18 October 2013

Post-Digital Humanities


This post forms part of a panel discussion as a response to a lecture given by Professor Willard McCarty at Kings College London, at the event called "The Digital and the Human: Remembering the Future of the Digital Humanities" on 17th October 2013. 


Today we live in computational abundance whereby our everyday lives and the environment that surrounds us is suffused with digital technologies. This is a world of anticipatory technology and contextual computing that uses smart diffused computational processing to create a fine web of computational resources that are embedded into the material world. Thus, the historical distinction between the digital and the non-digital becomes increasingly blurred, to the extent that to talk about the digital presupposes a disjuncture in our experience that makes less and less sense. Indeed, in a similar way to which the "online" or "being online" has become anachronistic, with our always-on smart phones and tablets and widespread wireless networking technologies, so too, perhaps, the term "digital" assumes a world of the past.
Post-Digital Philips Transitions (lighting installation, 2007)

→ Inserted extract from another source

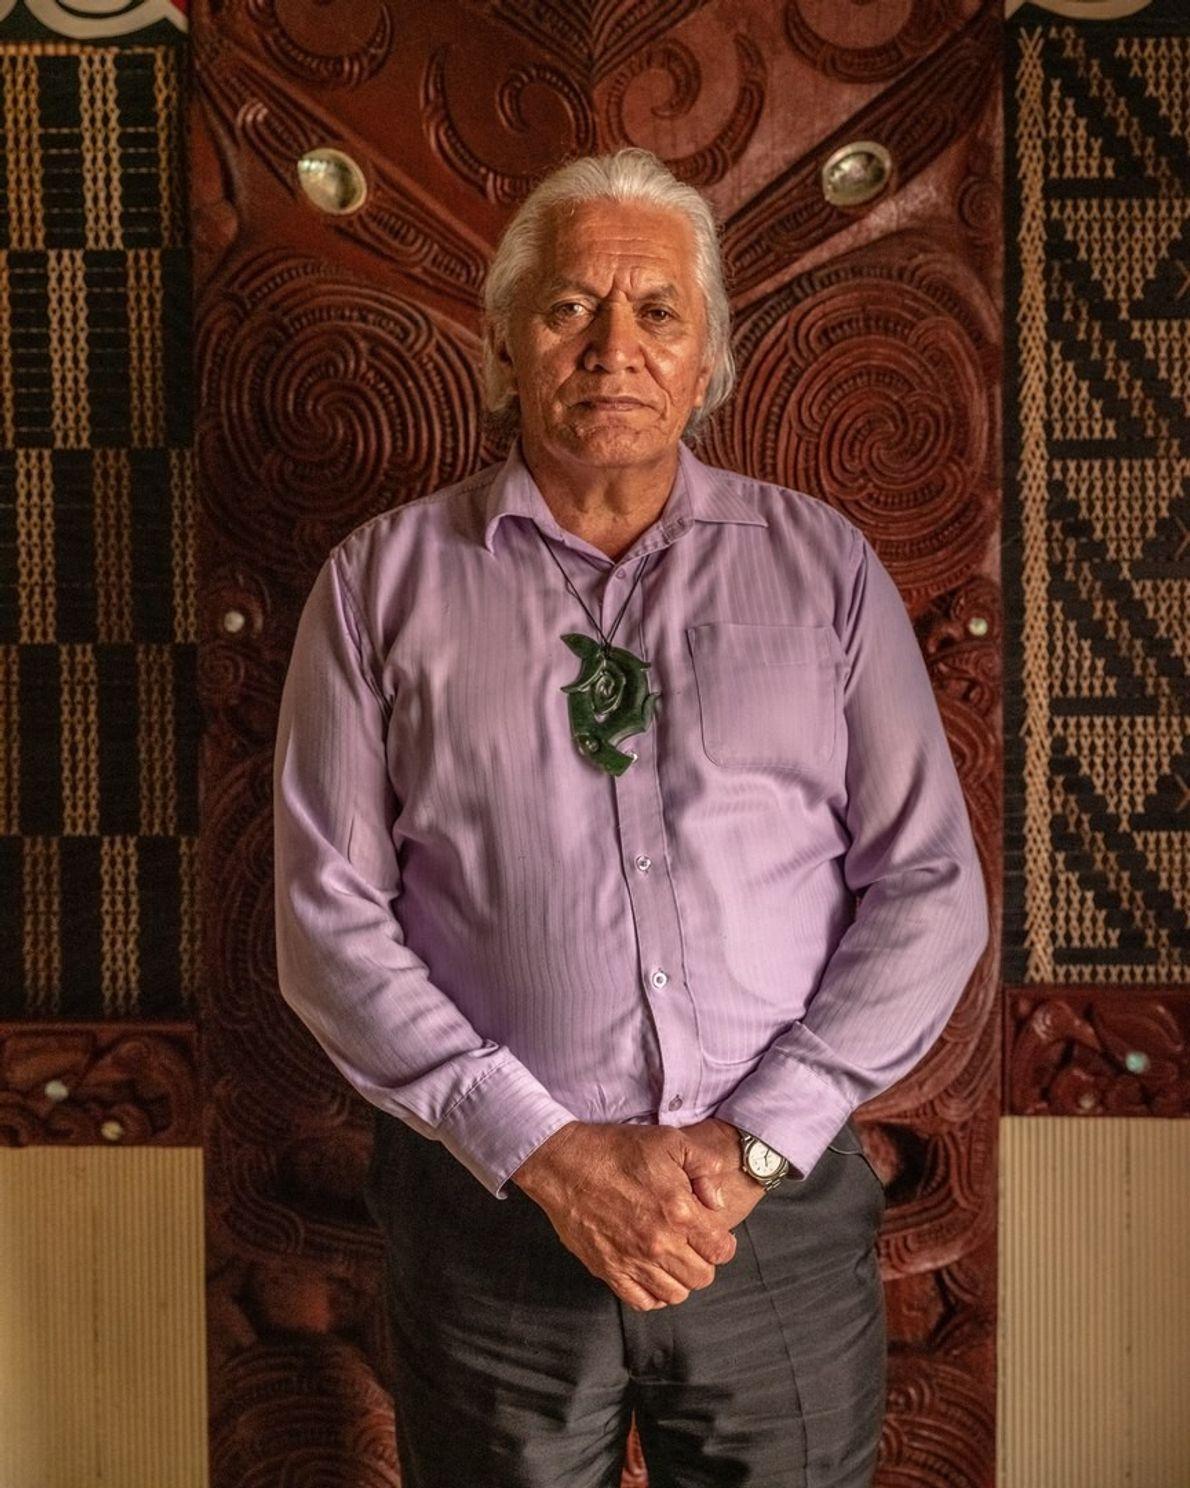 Te Taru White New Zealand, Portraits

Cascone argued as long back as the year 2000 that "the revolutionary period of the digital information age has surely passed. The tendrils of digital technology have in some way touched everyone", coining the term post-digital as a means of thinking about it (Cascone 2000: 12). Indeed, the explosion of digital information and data, combined with contraction in the time available to deal with it, has created a tendency to understand the "digital" as a "spectatorial condition", whereby we assume that "the result is that we filter and graze, skim and forward" (Bishop 2012). In a similar way to that of the art world, whereby "mainstream contemporary art simultaneously disavows and depends on the digital revolution", today mainstream humanities research equally disavows and depends on the digital – to the extent that to ask the question of the distinction raised by the digital for the humanities, is a question that the digital humanities has sought to address (McCarty 2005, 2013).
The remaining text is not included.